From the archives of Liberal’s hometown newspaper since 1886.
A large safe stolen in a burglary of Black Drug Store on South Kansas Avenue was recovered a week after its disappearance in the Beaver River under a bridge on Highway 94, about 13 miles south of Hooker, Okla.
“The safe, spotted under water by highway maintenance workers, had contained about $1,000 in cash and checks and an estimated $200 worth of narcotics when hauled out the rear of the store by a winch truck,” the Southwest Daily Times reported. A cutting torch was used to cut a hole in the base of the safe’s door. Sheriff George Sharp said the safe had been damaged so much that they couldn’t open it right away to figure out what was missing.
“Some of the checks and a small amount of money was thought to have been in the bottom portion or the safe where it would have been accessible through the hole,” the Times said. “However, officers are working to open the large metal box to search through the various metal compartments to fully determine the loss. Also a small amount of narcotics are visible through the hole in the door.”

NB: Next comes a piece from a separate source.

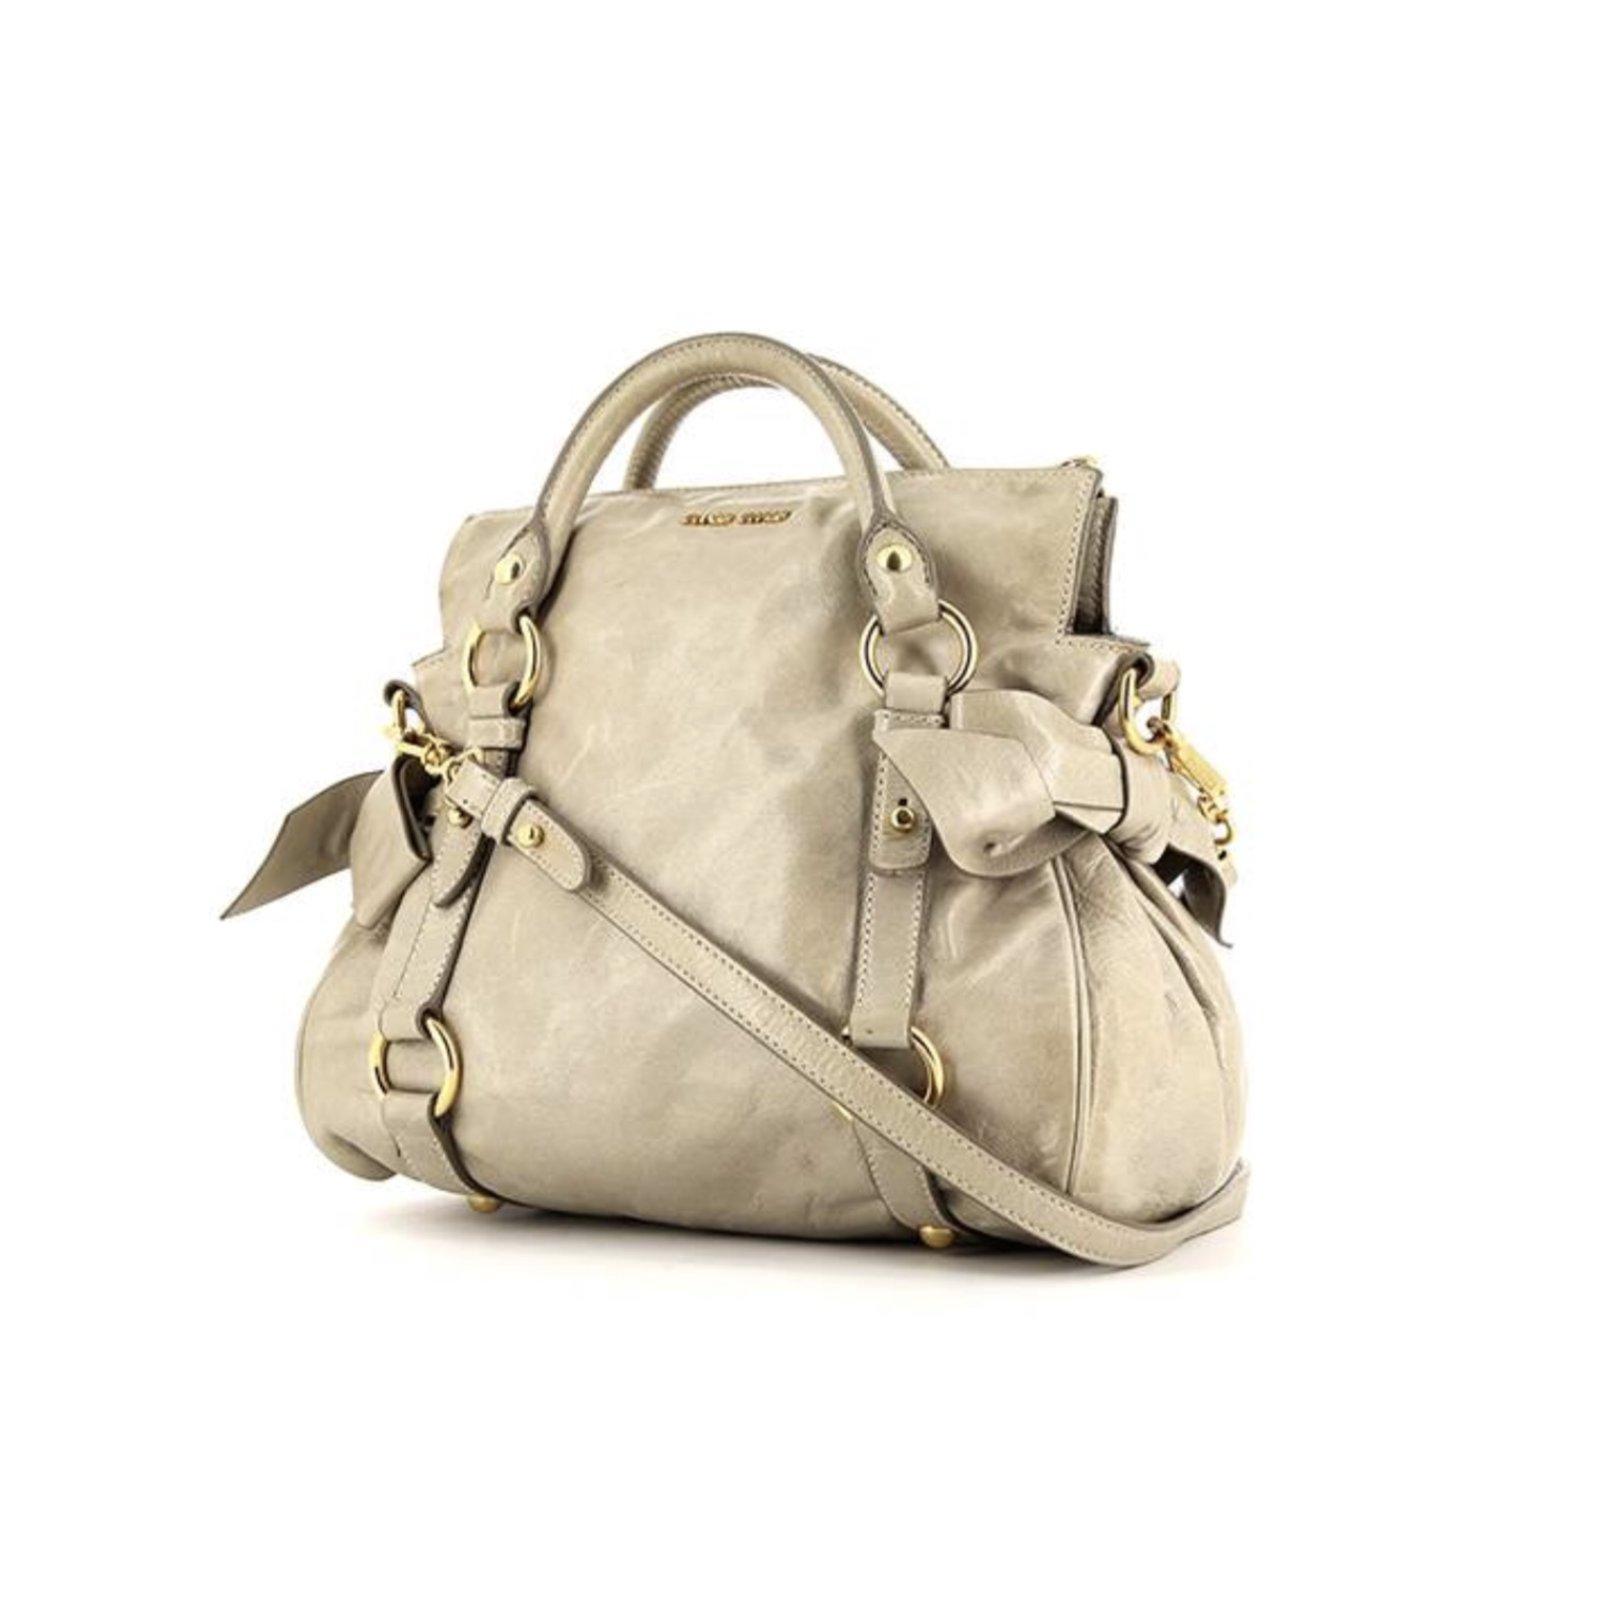 Miu Handbags Leather Beige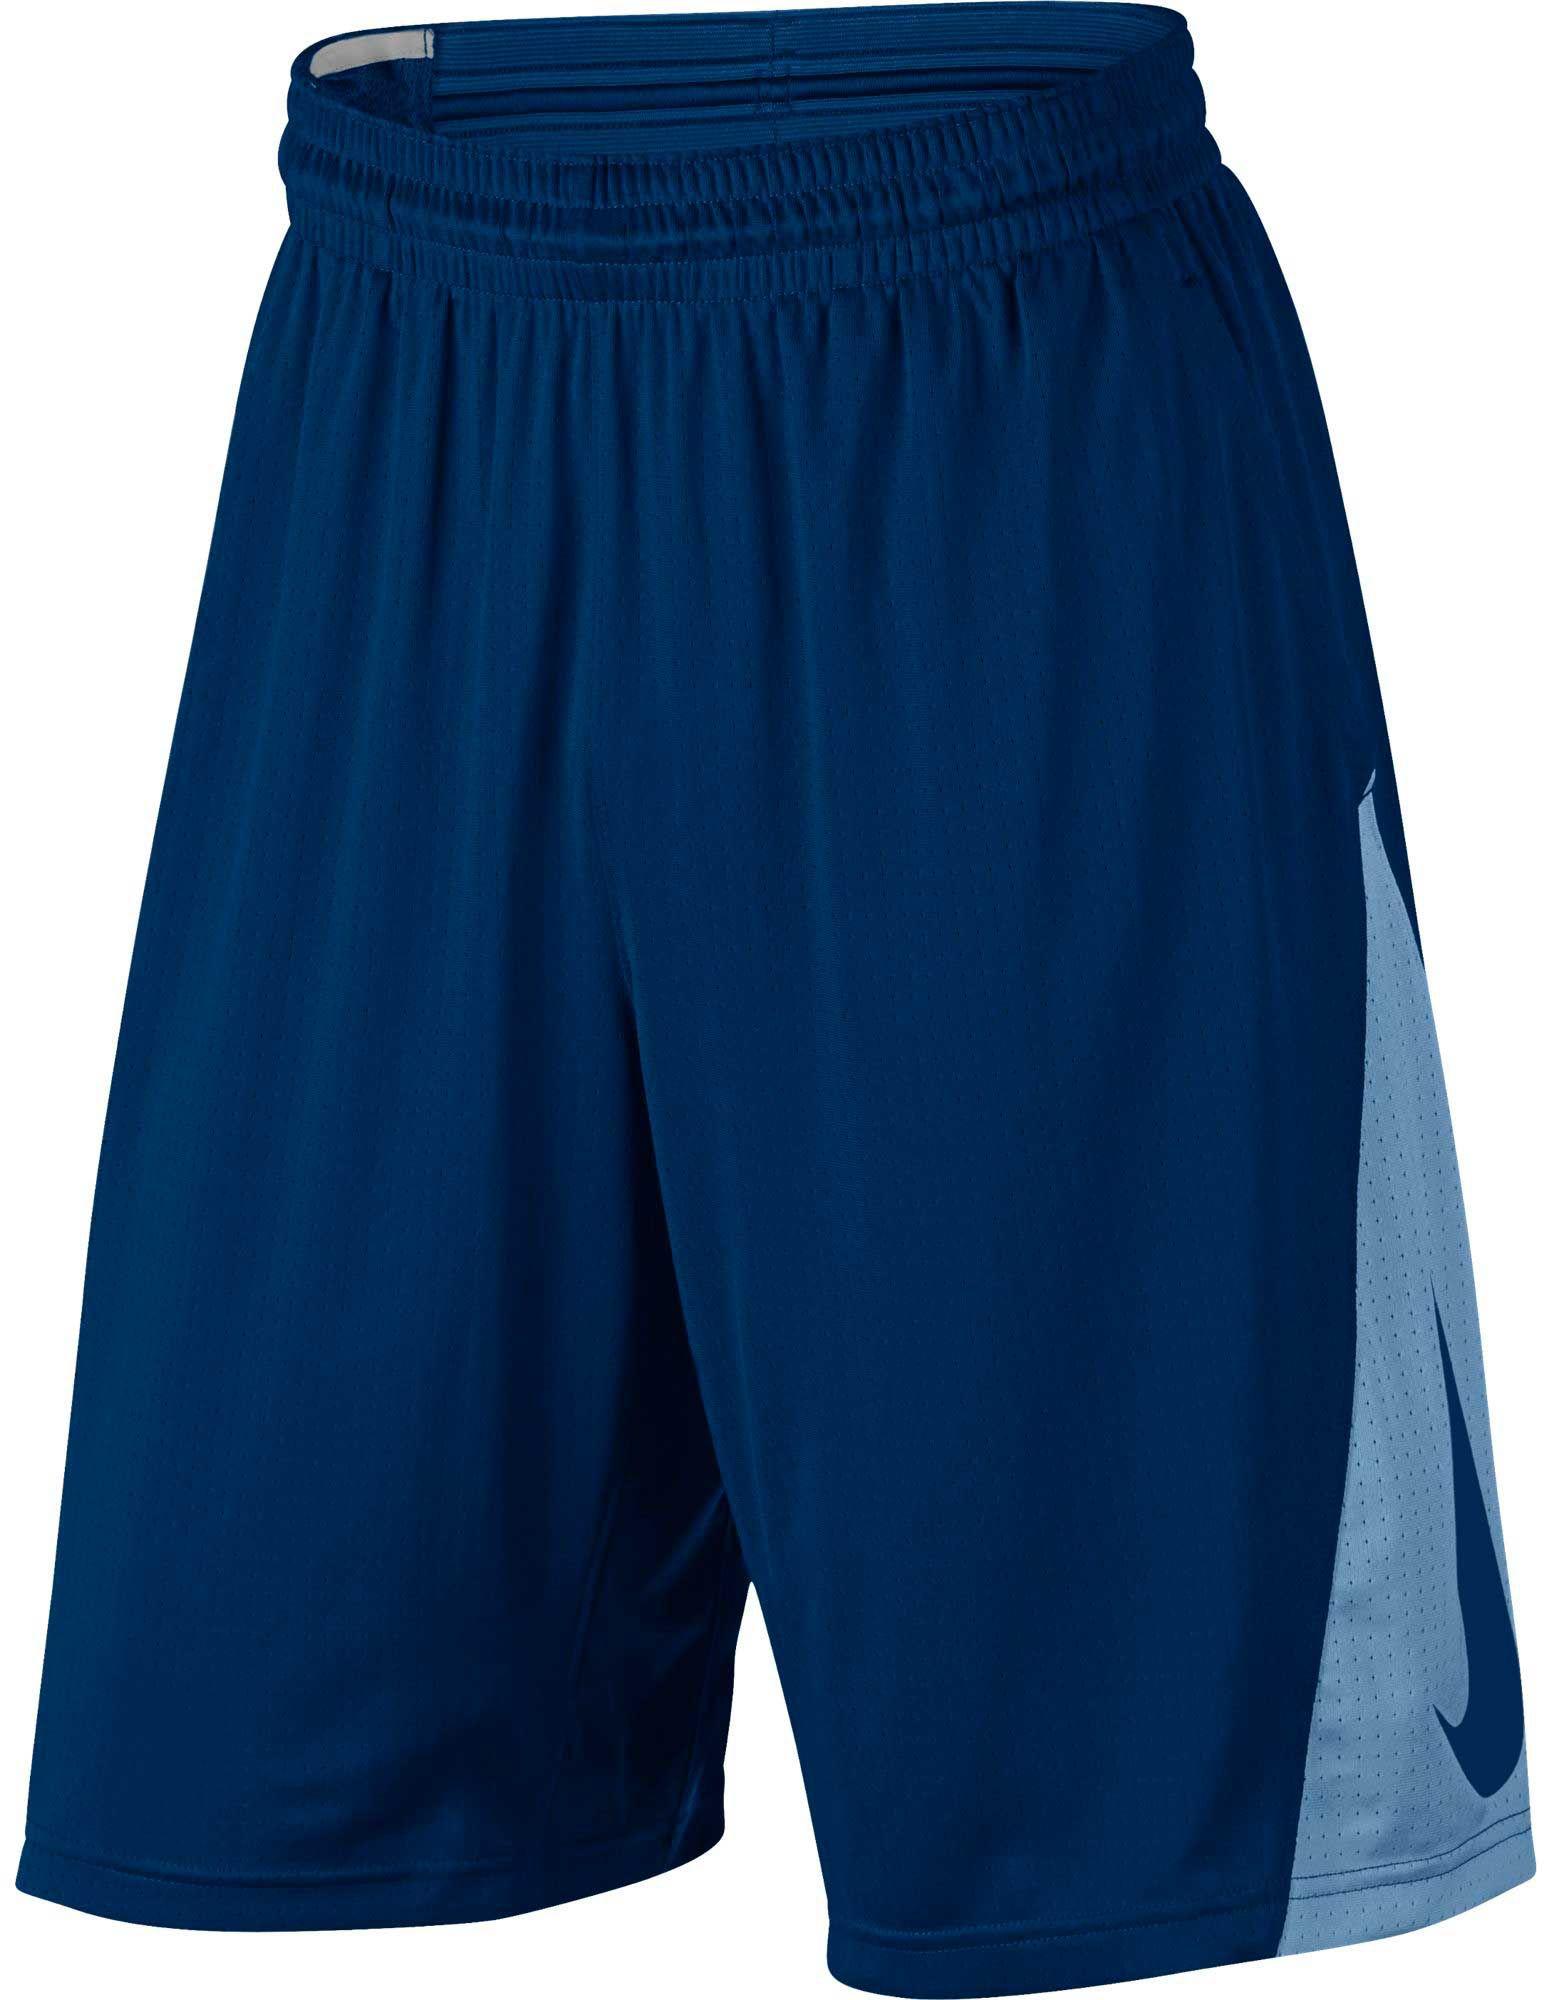 Mens basketball shorts on sale free shipping - Product Image Nike Men S Courtside Basketball Shorts

An enthusiastic but troubled Liberal High School junior selling magazines as a class money project not long ago popped into then Principal H.E. Malin with a problem and a rather unusual request.
“Mr. Malin, I need a letter from you proving I’m really a high school junior,” she said.
Malin quickly drafted and signed a statement for Susie Hand to carry, assuring potential customers that the 5 foot, 35-year-old housewife and mother of three children was indeed a member of good standing of the junior class, which numbered about 180 students.
“Anyone who has watched progress of Mrs. L.F. Hand during the past seven months of school doesn’t need a letter,” the Times asserted. “Susie has proved the hard way that she is in dead earnest about completing her high school education.” Susie’s classmates included her daughter, Barbara, 17, also a junior and her son, Bill, 18, a senior.
“Susie recalls the assurance with which she quit school at the end of her sophomore year,” the Times reported.
“We were married three weeks before school was out,” Susie said. “I had to keep it a secret until I finished my sophomore term or they would have kicked me out of school. I thought then I had all the education I needed but in just three or four months I knew I was wrong.” She hastily added that she was never sorry about getting married.
“These kids and my husband talked me into going back to school and without their help in keeping the house running, I wouldn’t be able to do it,” she said. Susie’s husband, Lewis, was a well tester for Northern Natural Gas Co. The family moved to Liberal from Spearman, Texas in 1958.
“You can’t do anything now without an education. You can’t even raise kids right,” Susie said. She was disturbed in her return to the classroom to see so many youngsters “loafing” through school without taking it seriously.
“I try to tell them, but they can’t see what I’ve learned the hard way,” she said. She believed she had some influence on keeping two or three girls in school who were on the verge of dropping out. However, Susie wasn’t attending LHS to be an inspiration. The 35-year-old was clear that she was there to get an education. She said her toughest course to pick up after a lapse of 20 years away from the books was English.
Susie and her daughter Barbara took three of the same courses — but not at the same hour or from the same teachers.
“Naturally, we work together on homework,” Susie said.
Susie’s plans for higher education were uncertain.
“If, after she receives her diploma, the family is transferred to a college town, she has no doubt she would go to college,” the Times said. “If they stay in Liberal, she may try to commute to Panhandle A&M College at Goodwell, Okla., 50 miles away.”
“If I’m offered a scholarship, you can bet I’ll find a way to use it,” she said.